Data Platform & Architecture

·      End-to-end data architecture: ingestion, storage, transformation,

·       Data lake / warehouse design with governed layering, version-controlled and monitored pipelines

·       Integration with Power BI, product, marketing and trading platforms APIs, ML serving endpoints, regulatory reporting

Data Governance

  • Corporate data dictionary covering all critical domains: trading, clients, accounts, leads, campaigns, instruments

  • Naming conventions enforced via CI/CD pipeline (SonarQube or equivalent) — violations caught before production

  • Semantic layer (dbt + Cube.dev / AtScale or equivalent) as the single source of truth between the warehouse and BI/AI consumers — enabling business self-service without IT involvement

  • Data lineage, ownership, and stewardship model across technical and business teams

  • GDPR, MiFID II, and audit alignment

Data Quality

  • Automated quality gates throughout the pipeline: schema validation, null checks, referential integrity, statistical drift, business rule assertions

  • Quality framework (Great Expectations, dbt tests, Soda, or equivalent) integrated as blocking pipeline checks — not just monitoring

  • Data quality KPIs with business-visible dashboards; incident response process with defined remediation SLAs

Machine Learning & Data Science

  • Lead the ML/DS team: technical direction, solution selection, delivery standards, capacity

  • MLOps: versioned training pipelines, model registry, A/B infrastructure, drift monitoring (MLflow, DVC, or equivalent)

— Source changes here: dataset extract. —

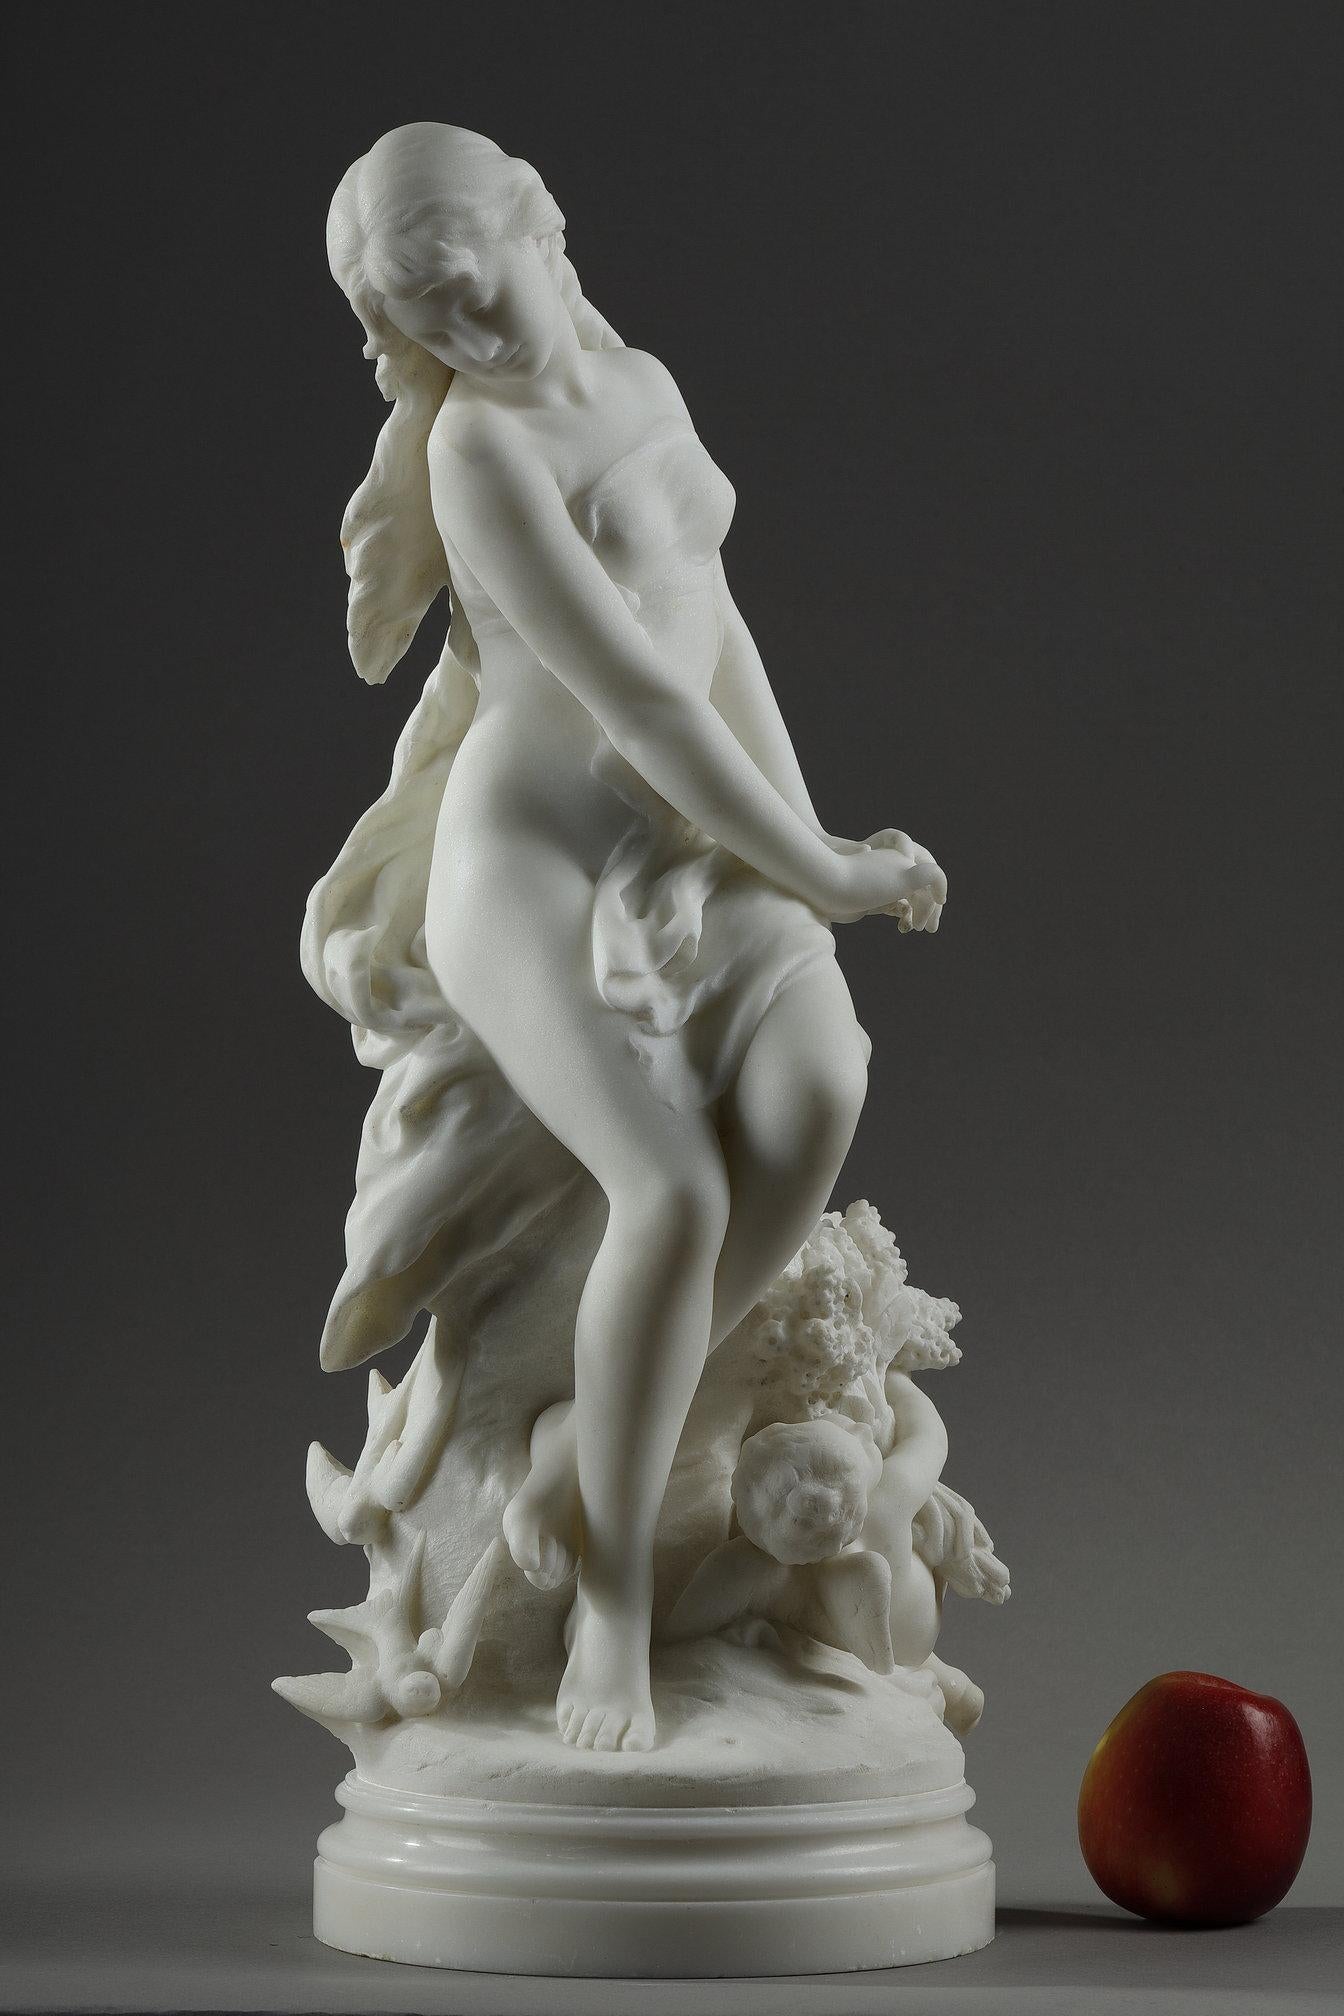 Elegante Skulptur aus Carrara-Marmor, die Venus (Aphrodite) mit leichtem Schleier darstellt, auf einem Felsen sitzend, mit Amor (Eros) zu ihren Füßen, der einen großen Blumenstrauß trägt und von Schwalben umgeben ist. Diese Marmorgruppe ist eine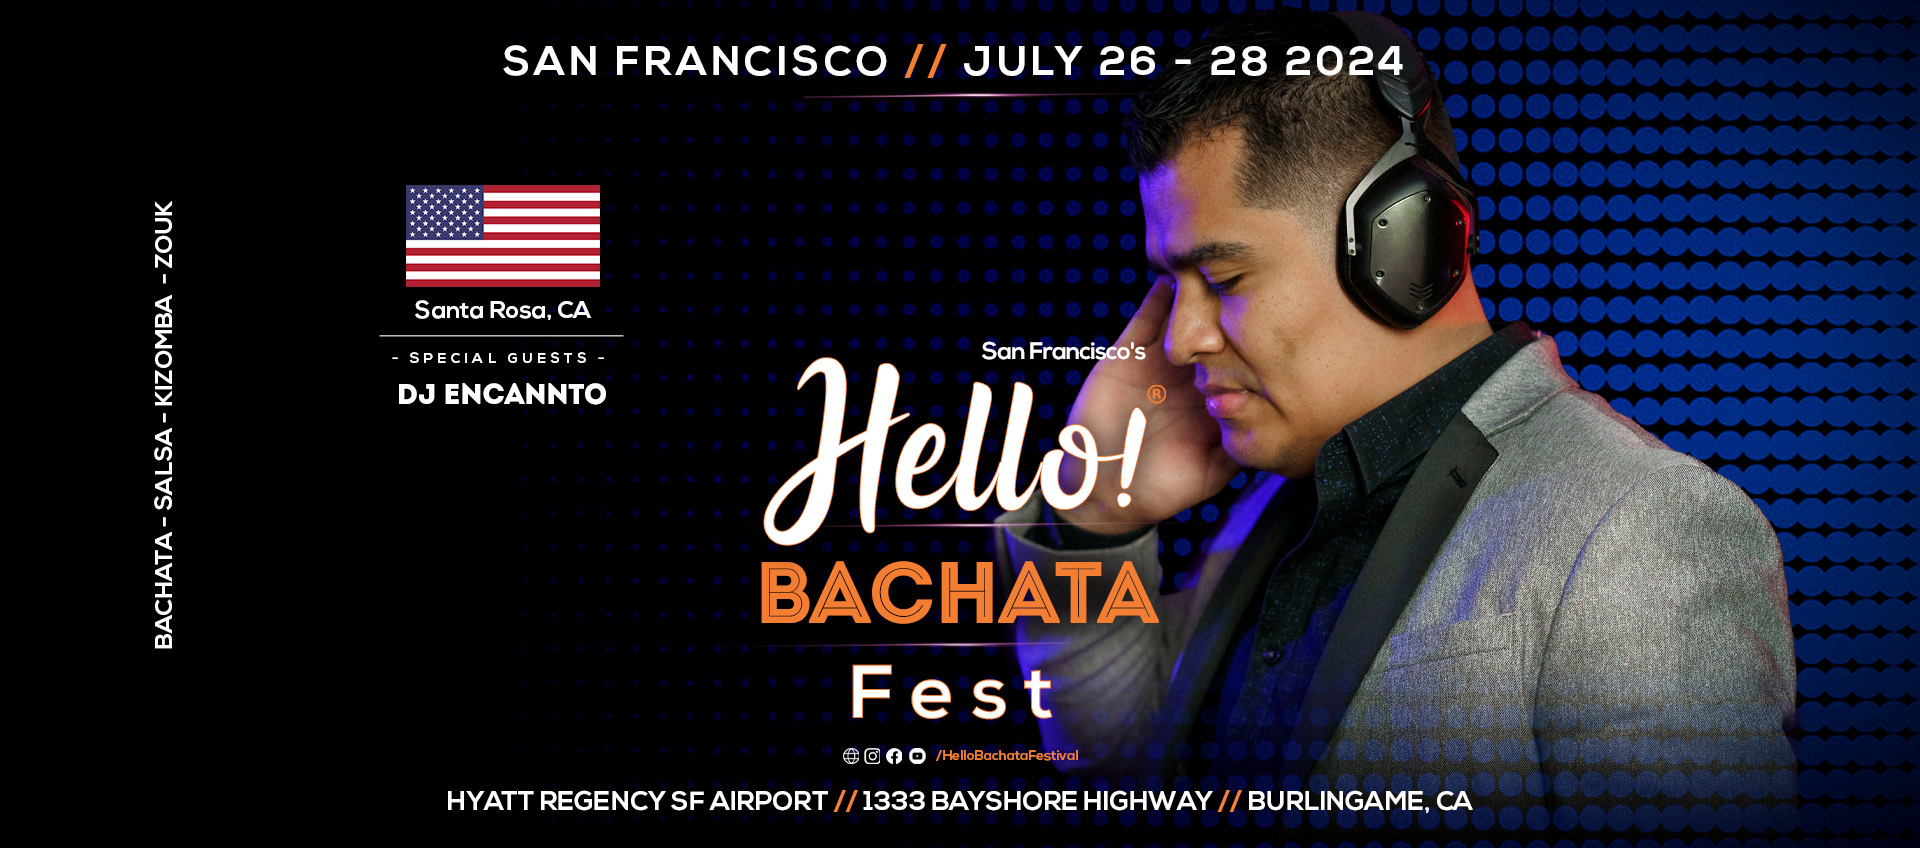 Hello! Bachata Fest - DJ Encannto - Bachata - Santa Rosa

  • Business use cases: churn, lead scoring, anomaly detection, trade pattern analysis, risk segmentation

  • Model documentation standard: purpose, inputs, outputs, training data, evaluation metrics, re-training schedule

AI in the Data Pipeline

  • LLM-assisted pipeline development: SQL/transformation code review, anomaly explanation, schema change impact analysis

  • ML-based data quality detection for drift and anomalies that rule-based checks miss

Job requirements

  • 10+ years in data engineering, with 3+ years leading a team

  • Technical ownership of Airflow or equivalent orchestrator (not just usage — architectural responsibility)

  • Strong data warehouse / lake design: partitioning, SCD, incremental loading, Delta Lake / Iceberg / Hudi

  • Deep SQL — query optimization, execution plan analysis, rewrite-level proficiency

  • PostgreSQL and MySQL hands-on; MongoDB data modeling (embedding vs referencing, aggregation pipelines)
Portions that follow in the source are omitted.